Quarterly report pursuant to Section 13 or 15(d)

Subsequent Events

v3.25.0.1
Subsequent Events
3 Months Ended
Dec. 31, 2024
Subsequent Events [Abstract]  
Subsequent Events
Note 13. Subsequent Events

Strategic Transformation and Workforce Reduction
On January 6, 2025, the Company announced a strategic transformation in the Company’s business focus, to wind down its Alico Citrus division, which holds the Company’s citrus production operations, to focus on a long-term diversified land usage and real estate development strategy. Due to increasing financial challenges from citrus greening disease and environmental factors for many seasons, the Company has decided to not spend further material capital on its citrus operations and to wind down substantially all of its Citrus’ primary operations after the current crop is harvested in the first half of calendar year 2025. In connection with this strategic transformation, on January 3, 2025, the Company’s Board of Directors (the “Board”) approved a reduction in the Company’s current workforce by up to 172 employees, which occurred effective on or about January 6, 2025 with respect to up to 135 employees, and will be effective on or about April 1, 2025 with respect to up to 37 employees. The Board’s decision is part of cost-reduction initiatives aimed at providing investors with a greater return on capital that includes the benefits and stability of a conventional agriculture investment, with the optionality that comes with active land management.
The Company currently estimates that it will incur charges of approximately $1,500 to $2,000 in connection with the Workforce Reduction, primarily consisting of severance payments, employee benefits and related costs. The Company expects that the majority of these charges will be incurred in the second and third quarters of 2025.
The Company may incur additional expenses not currently contemplated due to events associated with the Workforce Reduction. The charges that the Company expects to incur in connection with the Workforce Reduction are estimates and subject to a number of assumptions, and actual results may differ materially.
In addition, the Company has sold and intends to continue to sell many of the vehicles and equipment used in its Citrus operations; however, it is not currently able to estimate the proceeds on sale or amount of the loss, if any, that may be incurred at this time.
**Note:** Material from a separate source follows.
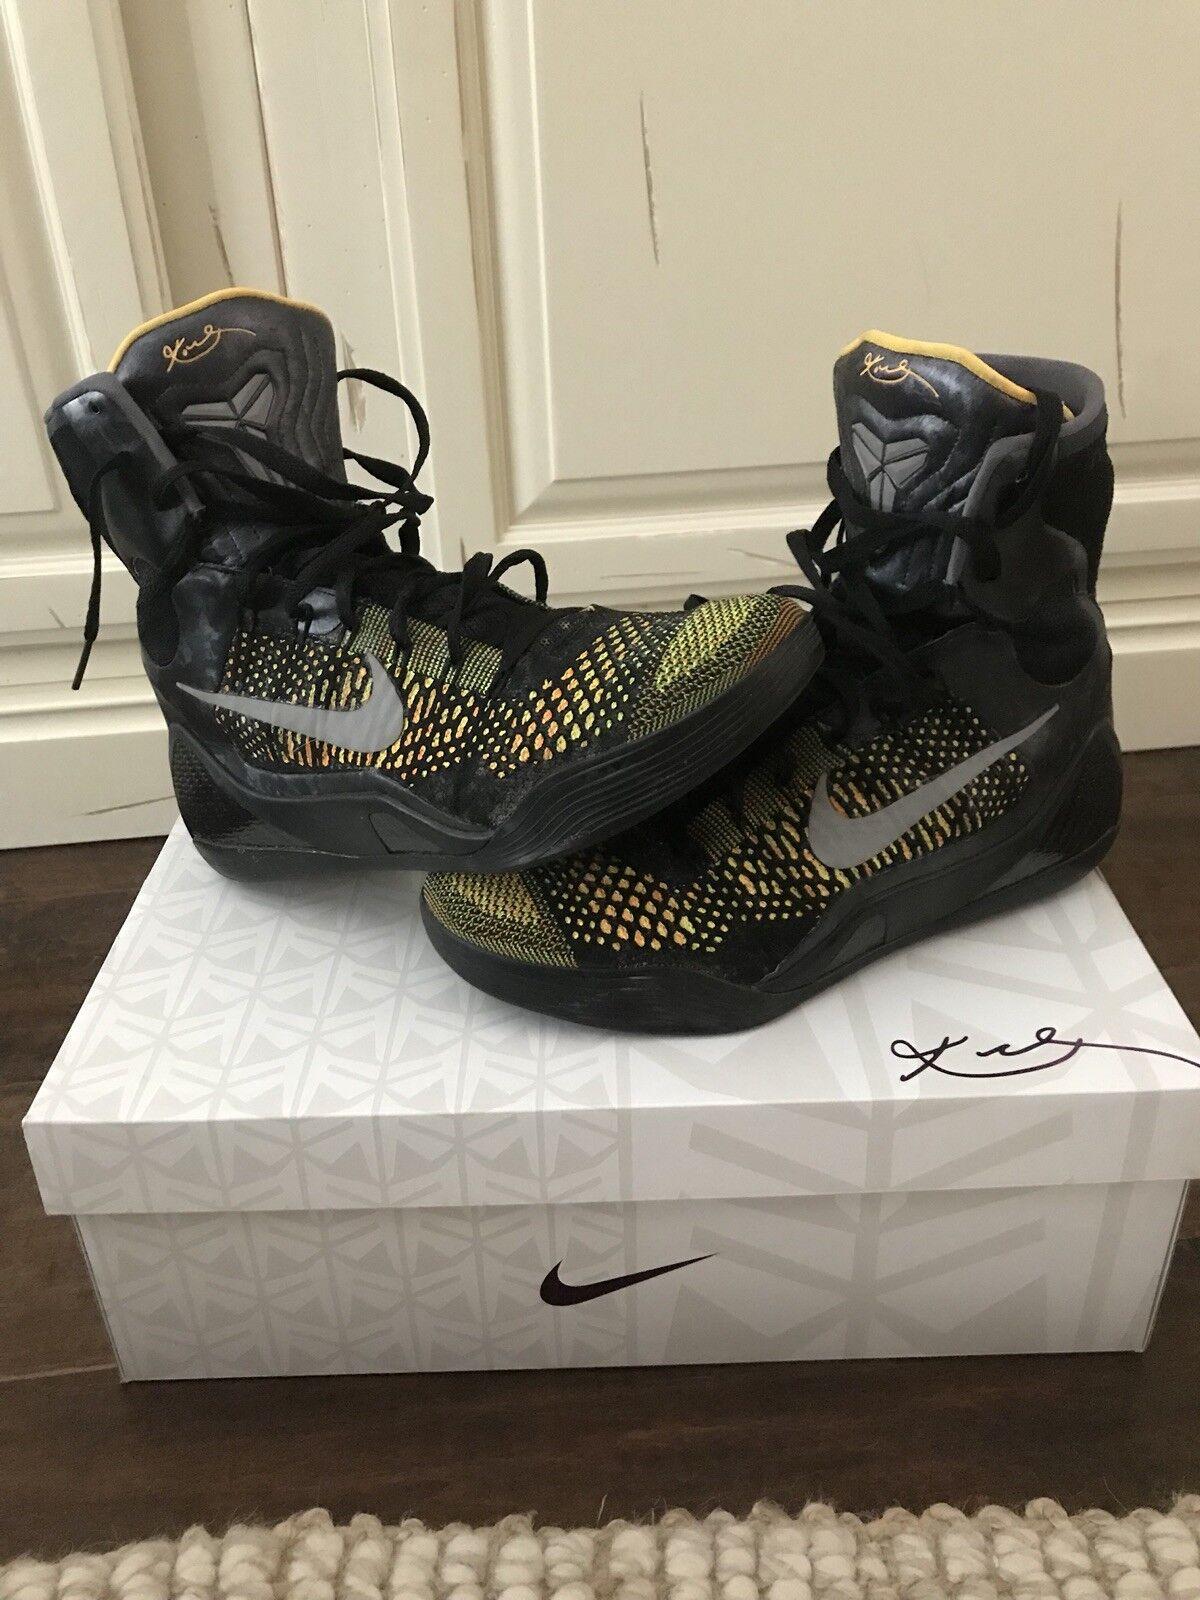 Nike Kobe ix 9 Elite Inspiration, Size 10

Furthermore, with the decision to move away from the Citrus production operations, the Company anticipates accelerating depreciation on the remaining book value of citrus trees, impacted by this decision, through the end of this year's harvest.
Tropicana Notice
On January 3, 2025, the Company delivered a notice (the “Notice”) to Tropicana Manufacturing Company, Inc. (“Tropicana”) in accordance with the Orange Purchase Agreement No. R641, dated April 11, 2024 (the “Agreement”), between the Company and Tropicana, under which the Company agrees to sell, and Tropicana agrees to purchase, oranges from the groves identified therein. The Agreement grants the Company the right to remove certain acreages from the contract if, in the Company’s best judgment, such acreages are no longer economically viable, provided that Tropicana consents, which consent shall not be unreasonably withheld or delayed.
As detailed in the Notice, the Company’s Board of Directors (the “Board”) has determined that certain of the acreage specified in the Agreement is no longer economically viable for orange cultivation. As a result, the Company has provided the Notice to Tropicana seeking Tropicana’s consent for the removal of such acreage, effective at the end of the 2024/2025 crop year. Consequently, if Tropicana consents, its purchase obligations under the Agreement with respect to such acreage are expected to conclude upon the completion of the 2024/2025 crop year.